Жена сдержанно сияла изнутри. Ей, архитектору по образованию, это необычное старинное жилище явно нравилось, а я ощущал безотчетный панический ужас.
— Мы подумаем, я утром перезвоню, — сказал я, страстно желая вырваться наружу.
Мы вышли на улицу. Снег продолжал идти, тьма сгустилась, редкие прохожие, все в белом, могли напоминать призрак купца Сулимы, если бы я о нем тогда знал. Я был не в курсе и того, что улица Энгельса была когда-то, как, впрочем, и нынче, снова Лютеранской. И дом номер шестнадцать стоит на том же месте, все так же спускаясь к Бессарабке…
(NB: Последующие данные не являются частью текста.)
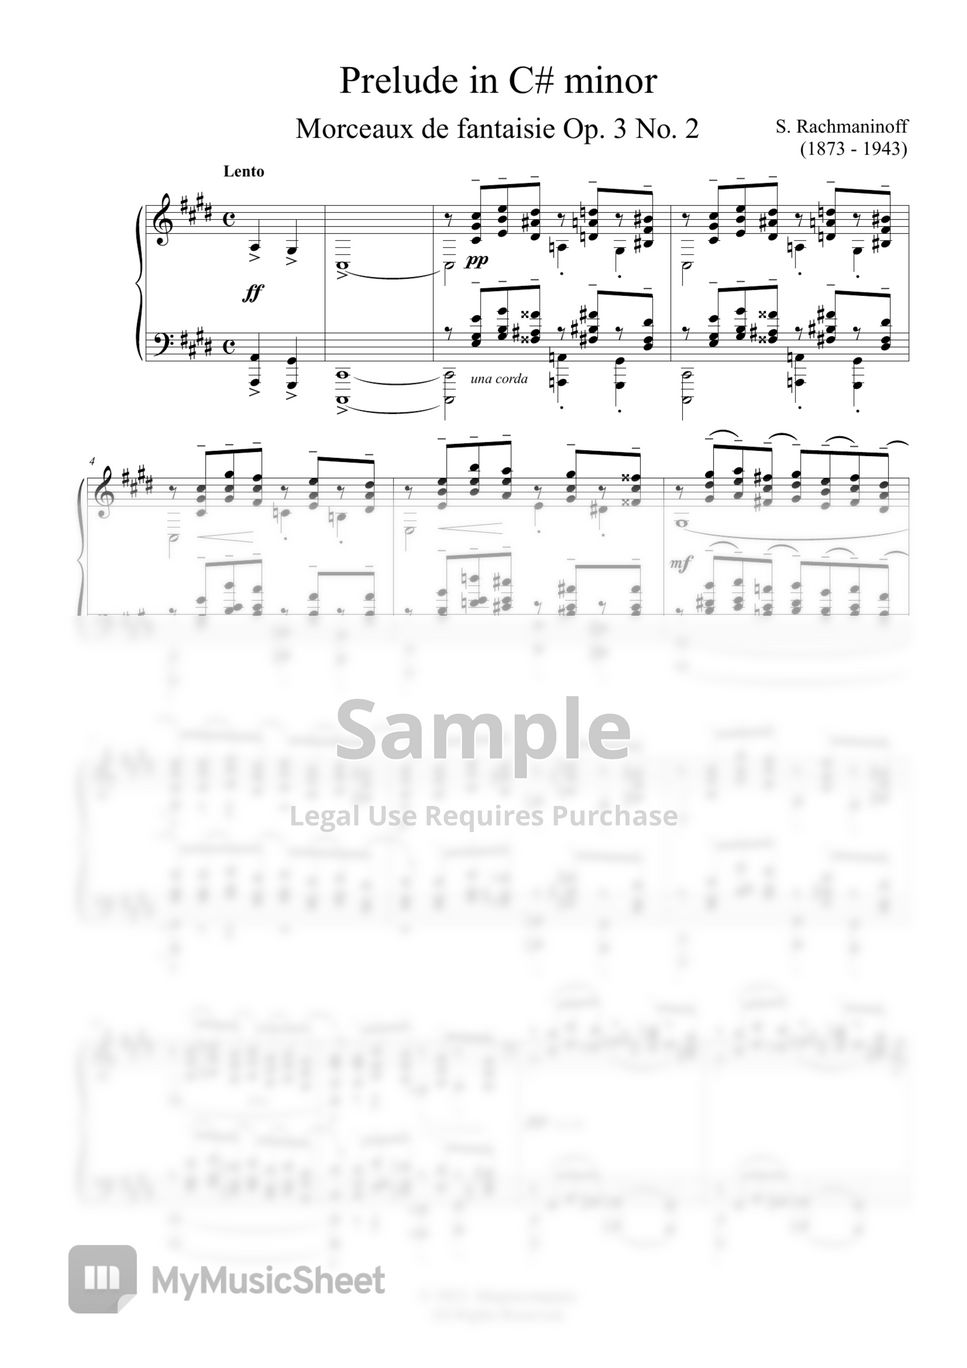 S. Rachmaninoff - Prelude in C sharp minor (Op.3, No.2)
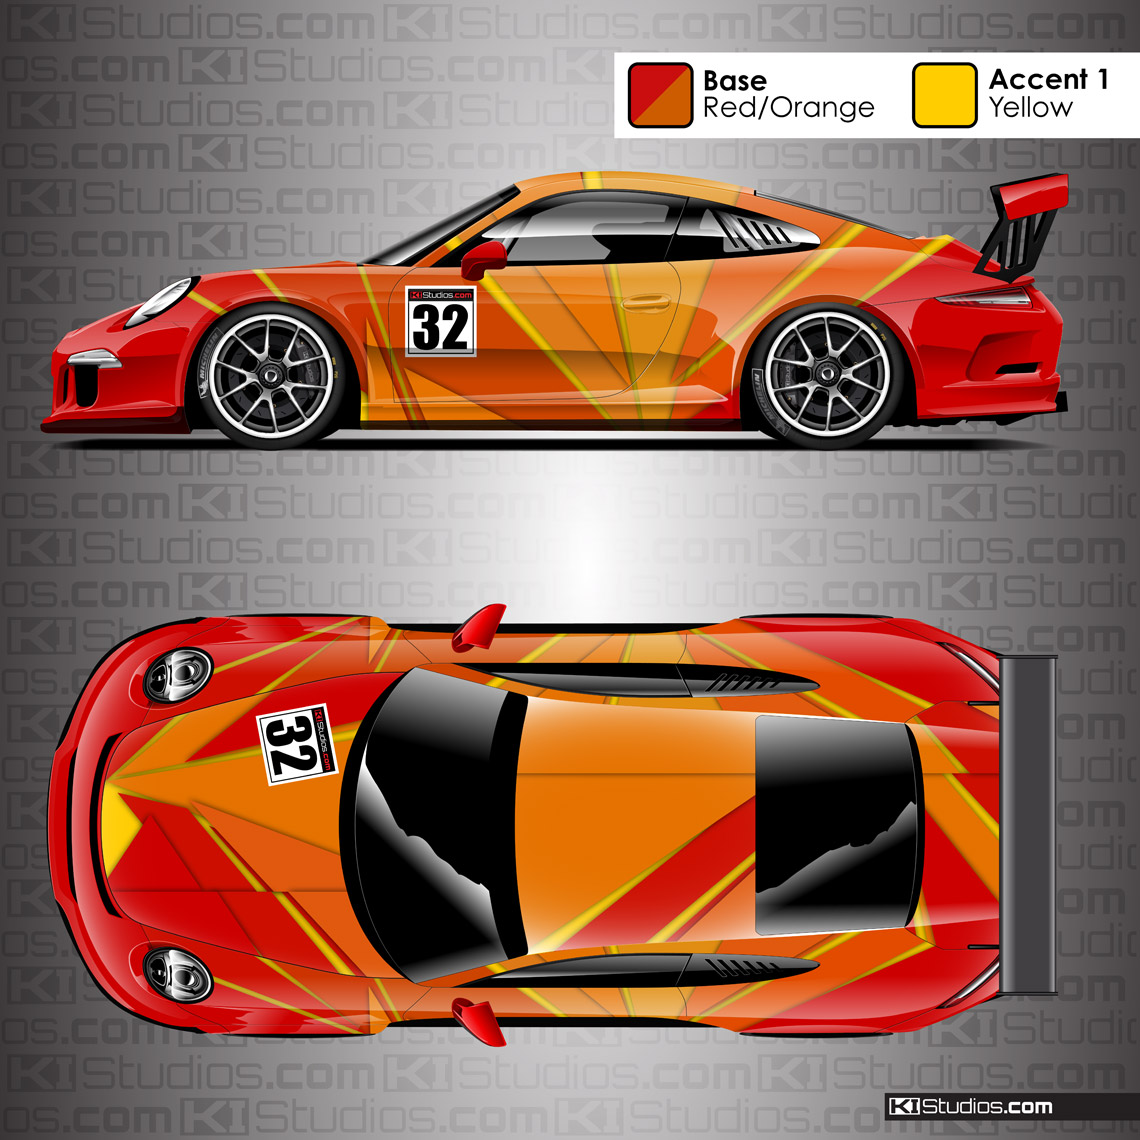 Porsche 911 Cup Racing Livery - Rift by KI Studios

Позднее мы обменяли свои «однушки» и получили-таки свою «трешку» на Оболони, но двадцать с лишним лет пилила меня супруга:
— Ты все испортил, надо было меняться, пожить там пару лет, а потом загнать эти апартаменты втридорога кому-нибудь под офис! Ну почему ты наотрез отказался?!
— Не знаю… Интуитивно…
Кто впоследствии, в разгар становления нашего дикого капитализма, загнал эти апартаменты втридорога, я понятия не имею. Сегодня в этих стенах в престижном районе столицы Украины располагается крутая клиника пластической хирургии. А статью известного киевоведа Кальницкого про дом Сулимы я лишь недавно случайно встретил в Интернете под рубрикой «Десять гиблых мест Киева» и показал жене. Она прочла и впервые за долгие годы посмотрела на меня с плохо скрываемым уважением.